When Skilbeck arrived, he walked straight into a familiar problem: Codemasters had no license to develop for the Mega Drive. The Darlings refused to sign the restrictive deal which required publishers to supply game code to Sega which would then manufacture the carts and sell them back to the publisher at a premium. Codemasters wanted to make the carts itself and then launch the games at a cheaper retail price point. The company’s technical wizard, Rich Aplin, who had worked closely on the Game Genie, was investigating the console hardware to find a way of developing games and producing carts without infringing any Sega copyrights, but this was a legally fraught issue – Sega of America was in the process of suing games publisher Accolade for doing exactly this.
Indeed, later on, when Codemasters announced its plan to release Micro Machines for the Mega Drive as an unlicensed game, Sega Enterprises launched breach of copyright action against the studio. In news reports at the time Codemasters press officer Rich Eddy claimed the company was producing the games legally and attacked Sega for preventing publishers from independently producing games, leading to higher prices for consumers.
While the corporate machinations rumbled on, Skilbeck was quietly beginning work. ‘The remit for Micro Machines on the Mega Drive was: “Don’t change anything, just put in nicer graphics,”’ he says. ‘If you know how to write Amiga games then writing a Mega Drive game is relatively straightforward – it had hardware sprites and hardware playfields, it was set up to make it easy to write games on.’

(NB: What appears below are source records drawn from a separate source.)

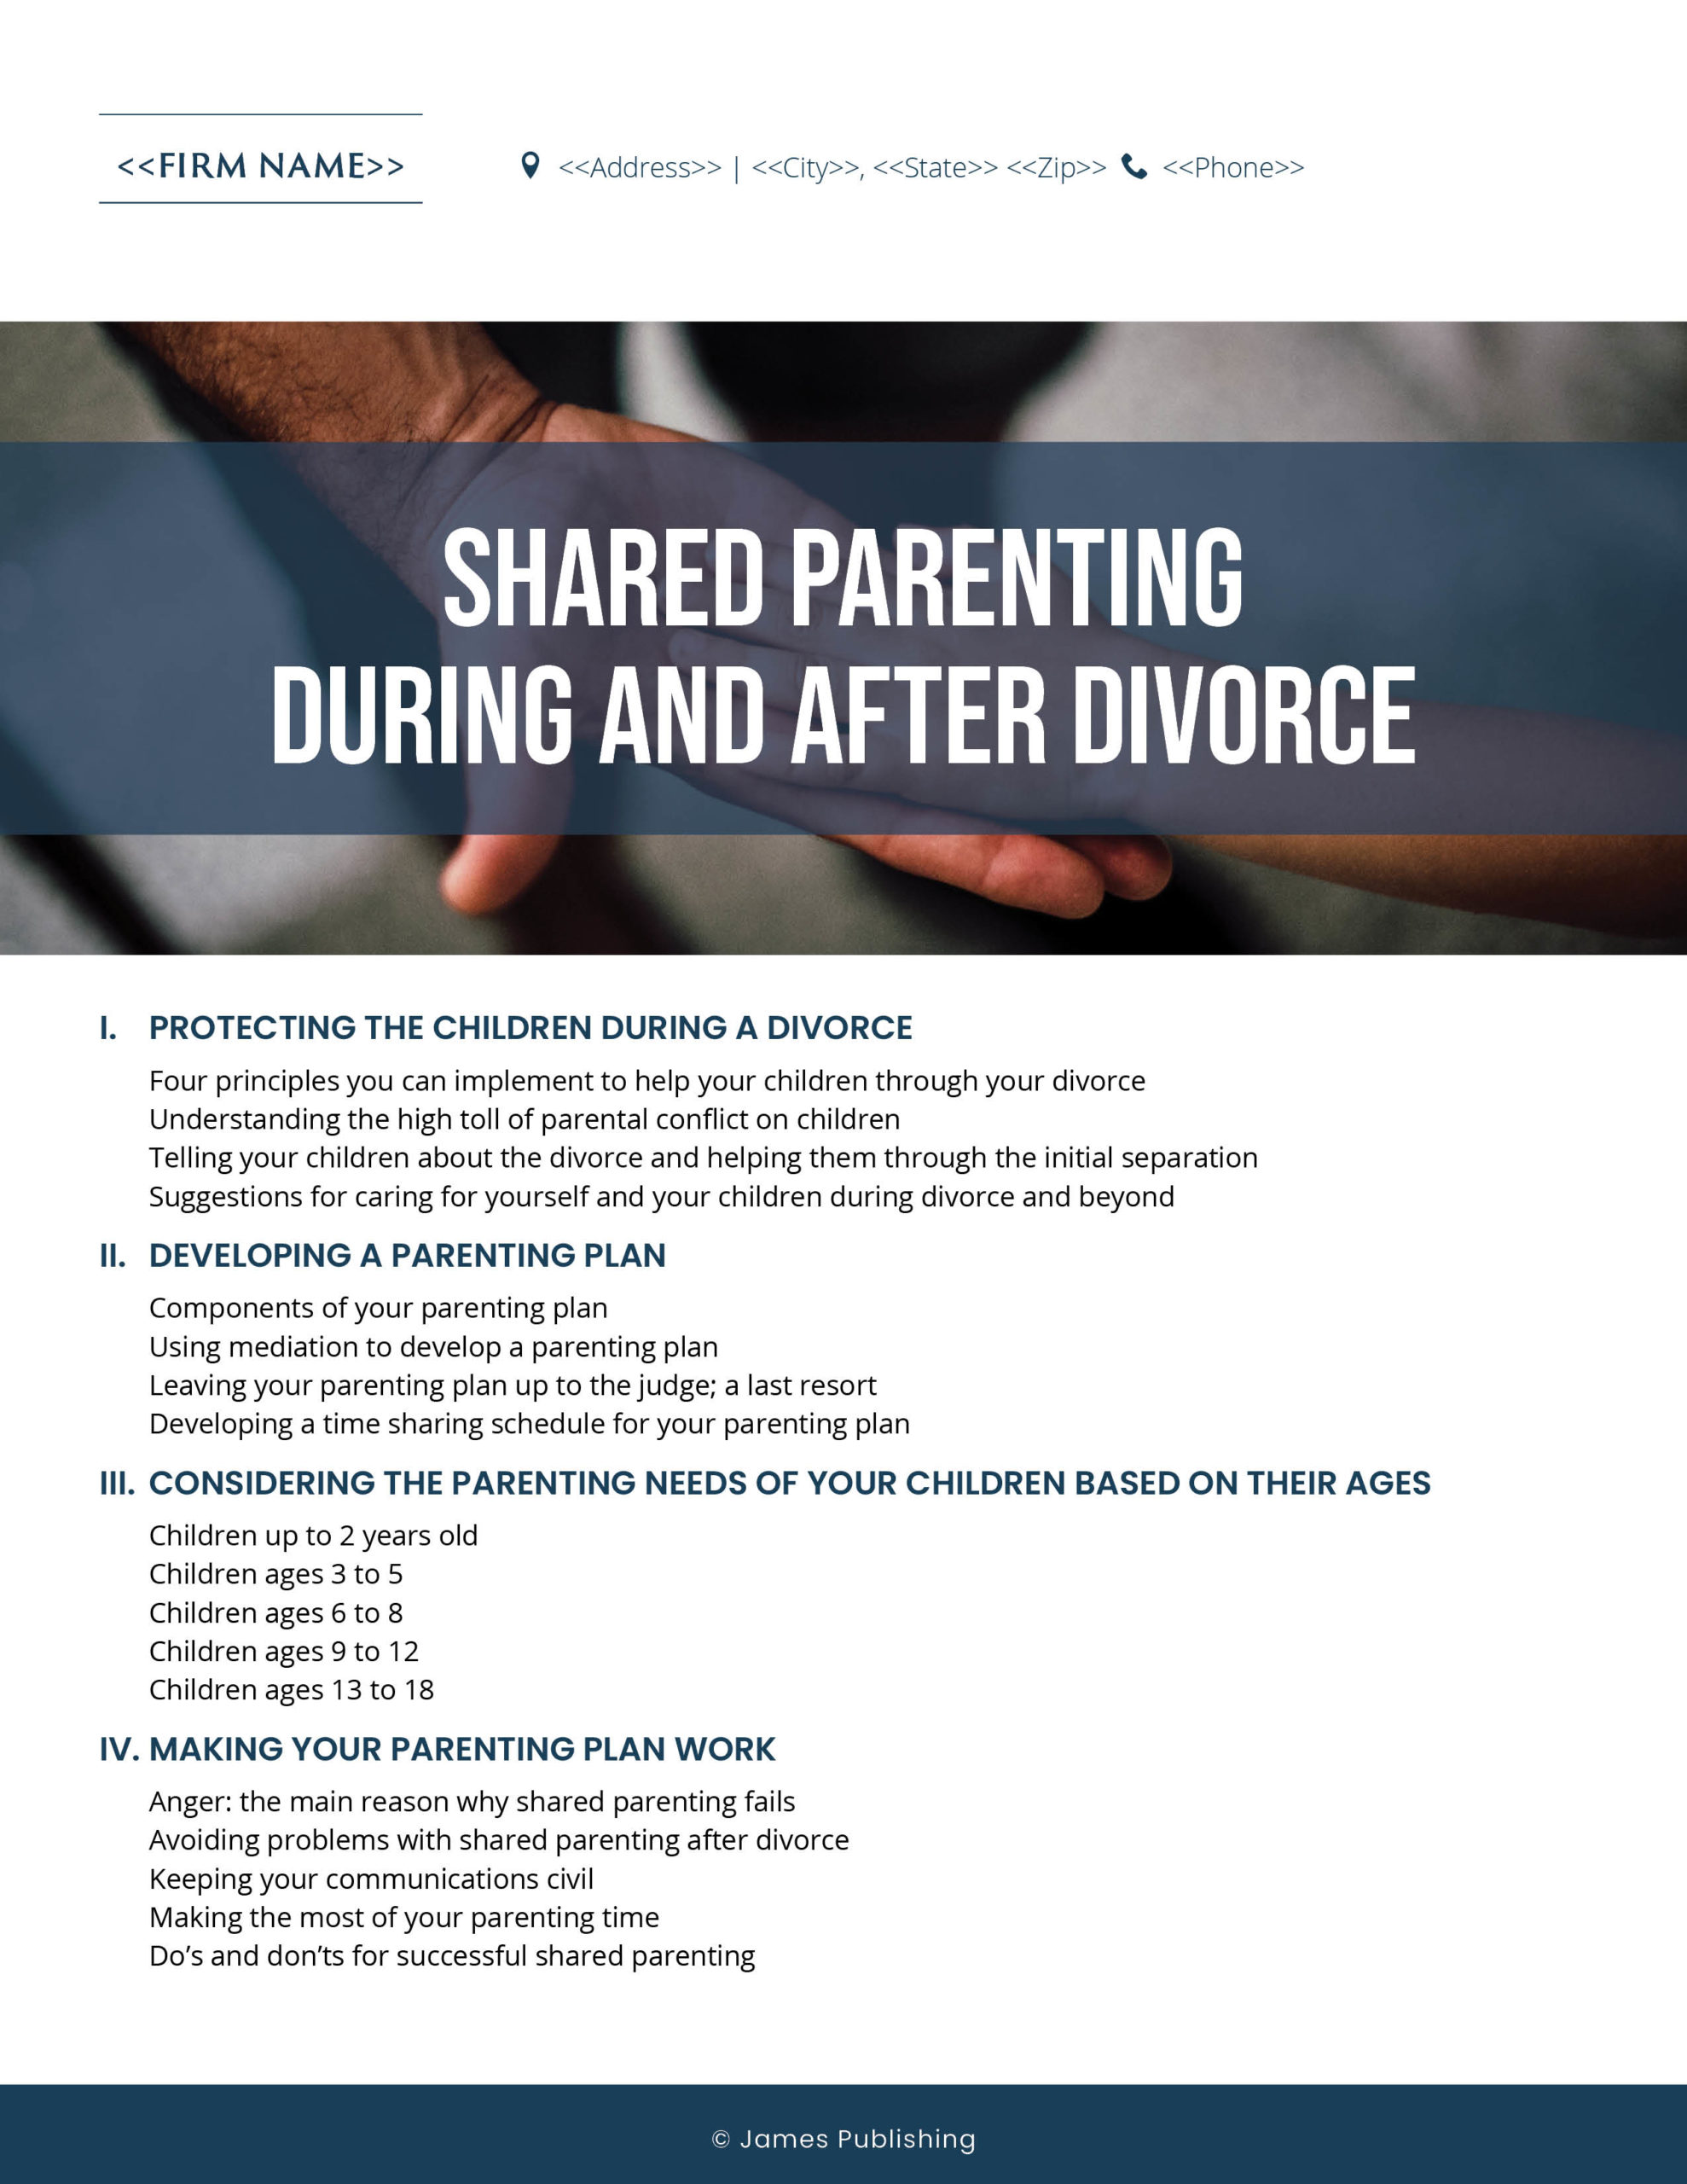 FAM-10 Shared Parenting During and After Divorce
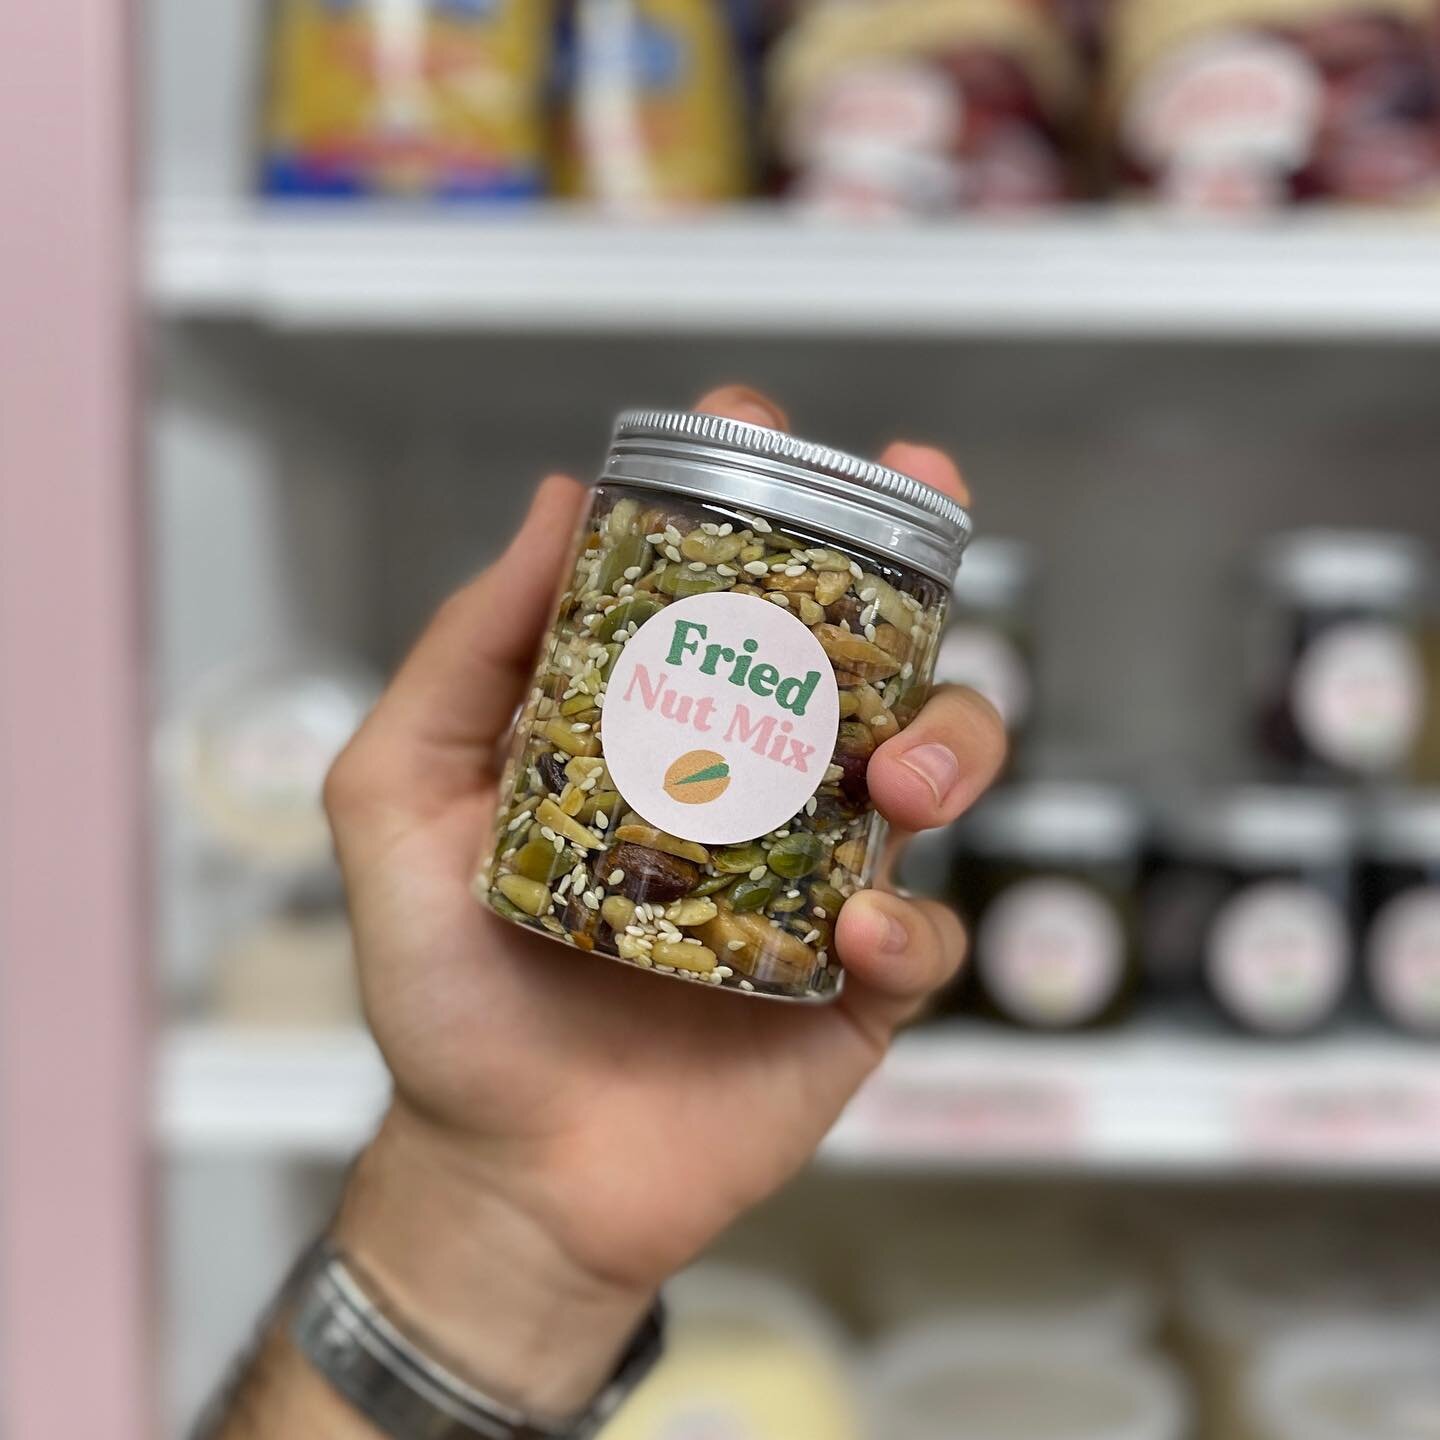 ✨NEW✨Goodies, spices, snacks and more on the e-Grocer this week! 🍋💻💫 Stay tuned for new additions throughout the month as we grow our @edysgrocer online shop and bring the magic of Lebanese goods to you across the country!! Remember, we ship natio
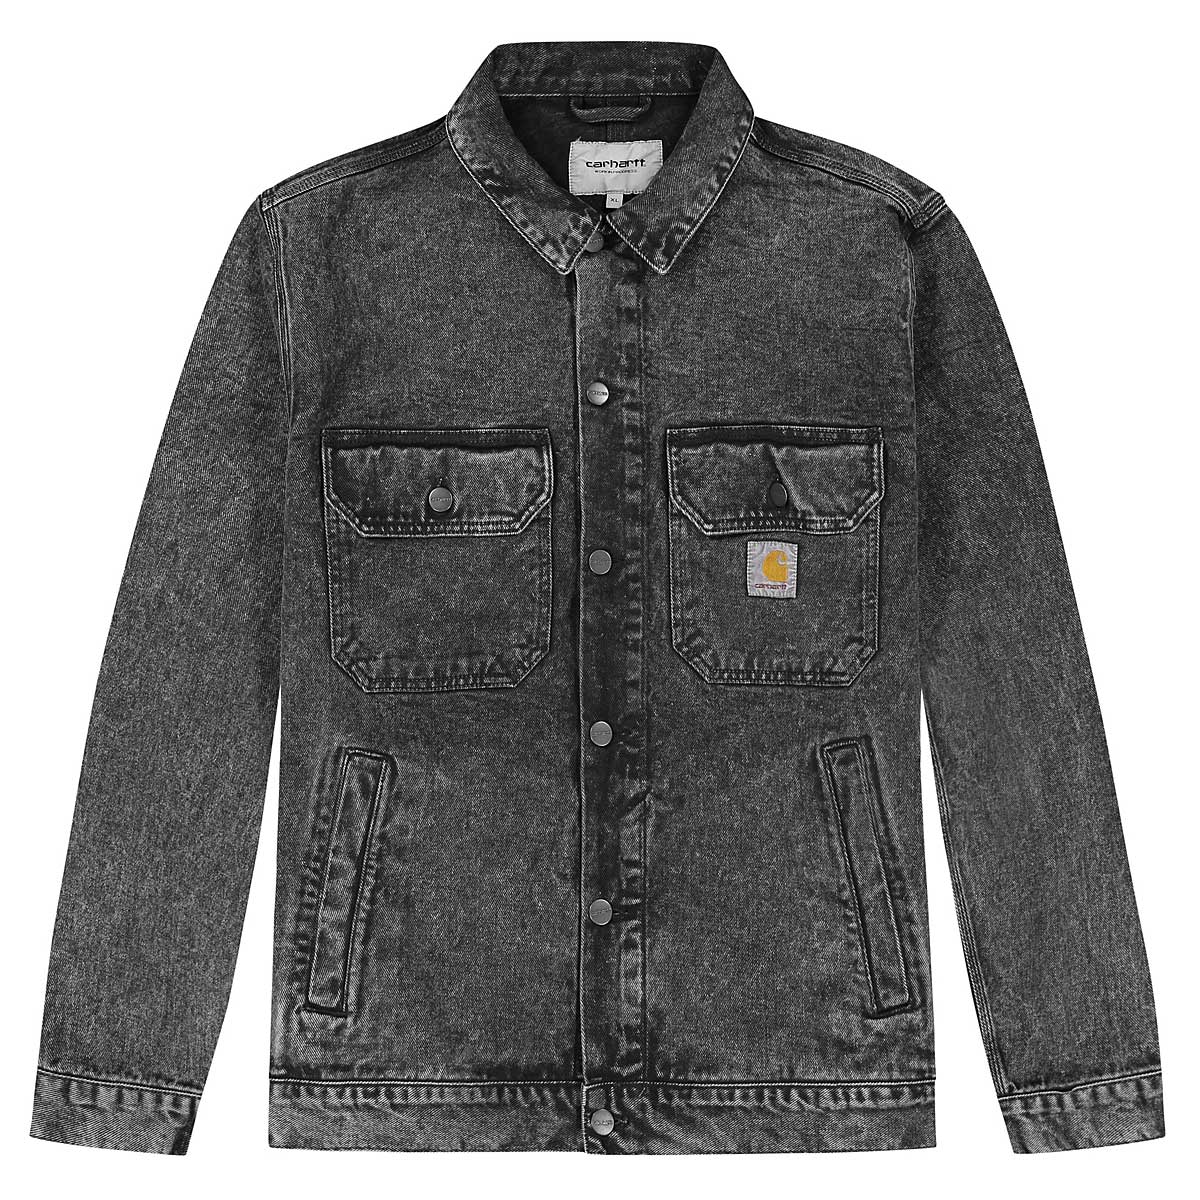 Buy Stetson Jacket for N/A 0.0 | Kickz-DE-AT-INT

Skilbeck spent some time with Graham, learning about how the game had been designed, then he set about extracting the graphics straight from the original version. ‘The NES had a horizontal screen resolution of 256 pixels, the Mega Drive was nominally 320,’ says Graham. ‘However, the Mega Drive had a 256 pixel mode, so we said early on, we’ll use that and so the aspect ratio and all the graphics were functionally identical. Then we just gave the artist the NES graphics and said, “Do what you want, go nuts”. The limitations in terms of number of sprites on a line, the number of characters, all that sort of went away. The Mega Drive allowed 16 colours per cell, instead of four and so on, to the artists had a much freer hand.’
The result was a much richer, more vibrant set of environments and car models. But in terms of gameplay, Skilbeck claims to have kept exactly to his original brief: to provide an exact port. ‘The functionally of the game is identical,’ he says. ‘It uses the same logic, the same maps, it uses the same AI, the same hidden layer of arrows. It’s unchanged.’ This appears to contradict the experience of players who feel the handling in the Mega Drive versions is more forgiving than on the NES. According to coders who worked on later ports, the car sprite in Micro Machines had 32 rotations to ensure a smooth handling experience, and if the player spent too long not steering, or appeared to be heading wildly in the wrong direction, the game would subtly lock the wheel to the closest 45-degree angle, nudging you back on track.
Skilbeck concedes this effect could be more pronounced on the Mega Drive version, leading it to feel less drifty than the NES original. ‘It’s possible we made tweaks to the handling,’ he says. ‘The NES is an 8-bit machine, so while we reimplemented it in the spirit of the original, the 68000 has 32-bit registers, so I didn’t have any of the restrictions Andrew faced. I may have thought, “Screw it, I’ll do it an easier way.”’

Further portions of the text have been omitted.